On 29 November 2019, convicted murderer Steven Gallant was out on licence, attending an event about prisoner rehabilitation at London’s Fishmongers’ Hall at London Bridge. This was the day Usman Khan attacked.

Exercising considerable courage, Gallant and two other attendees – Darryn Frost, a communications manager for the Prison and Probation Service, and John Crilly, a former prisoner – restrained Khan using a fire extinguisher and a narwhal tusk, until police officers arrived and shot and killed the terrorist.

Khan had killed two people and injured two more, before Gallant, Frost and Crilly intervened. Gallant’s friend Jack Merritt was one of the dead.

Hudgell (and others) made representations to HM Prison and Probation Service, requesting a Royal pardon for Gallant.

The request was endorsed by the governor of Gallant’s prison, culminating in a Royal Prerogative of Mercy order being approved by the lord chancellor on behalf of the Queen. At the time, the Ministry of Justice said the pardon was granted ‘in recognition of (Gallant’s) exceptionally brave actions’.

This was the first time a Royal pardon had been granted since 2013, when Alan Turing was granted a posthumous pardon for a 1952 conviction for gross indecency.
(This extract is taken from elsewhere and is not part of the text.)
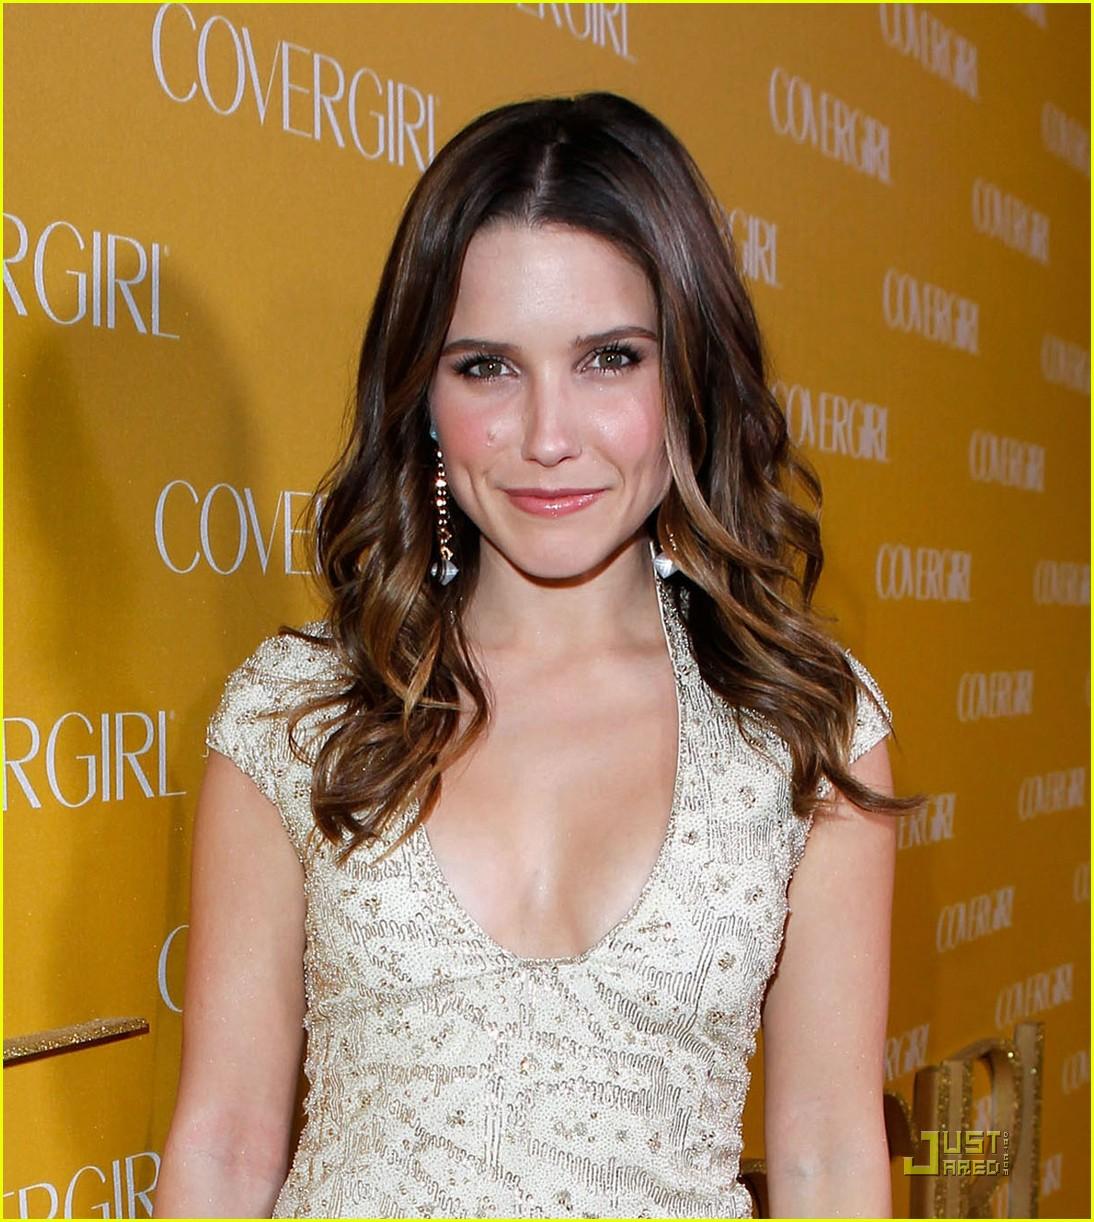 TV Actress Sophia Bush - age: 35

The mathematician, whose contribution towards breaking the Nazi Enigma code helped the Allied Forces secure victory in World War II, died by suicide in 1954.

Unlike Turing’s full pardon, the Royal Prerogative of Mercy granted to Gallant only brought his parole hearing forward by 10 months. On 21 June 2021, the Parole Board found that Gallant did not present a risk to the public, so he would be freed on licence.

For Hudgell, Gallant’s pardon was another triumph of justice in a long and illustrious career of ‘achieving settlements that enable people to get their lives back on track and look to the future’.

Hudgell

Neil Hudgell (left) at the inquest into the death of Welsh politican Carl Sargeant

Giving back

The Neil Hudgell Trust was established in 2012 to support local community and voluntary groups addressing social needs in the areas where Hudgell Solicitors has offices. It has donated more than £500,000 to support hundreds of worthy organisations and individuals.

 

‘Over the years we’ve developed strong, long-lasting partnerships with many of those we have supported, helping to ensure our work is not just short term, but that real legacies are left,’ says a spokeswoman for the trust.

 

Until 2016, the trust only offered small grants, designed to support a wide range of local projects and smaller charities. Then, in 2018, it started offering larger grants and partnered Hull Homeless Community Project, Simon On The Streets in Leeds and the West London Mission to launch the ‘Elephant in the Room’ campaign to confront the social inequality of homelessness. The trust donated £5,000 to each charity to help with their day-to-day work, and pledged ongoing support through fundraising, marketing and staff volunteering their time.

 

In 2019, Hudgell’s staff picked three children’s charities to benefit from the firm’s help. Special Stars in Hull, Candlelighters in Leeds and Coram in London each received a £5,000 donation from the firm, and Hudgell staff made themselves busy fundraising and volunteering to provide further help. This year Hudgells are supporting the Spinal Injuries Association with a commitment to help client and Manchester Arena bombing survivor Martin Hibbert reach his £1m fundraising target, as he embarks on the challenge of a lifetime in climbing Mount Kilimanjaro. They have pledged to help Martin through a series of fundraising events that will be held before the climb in June 2022.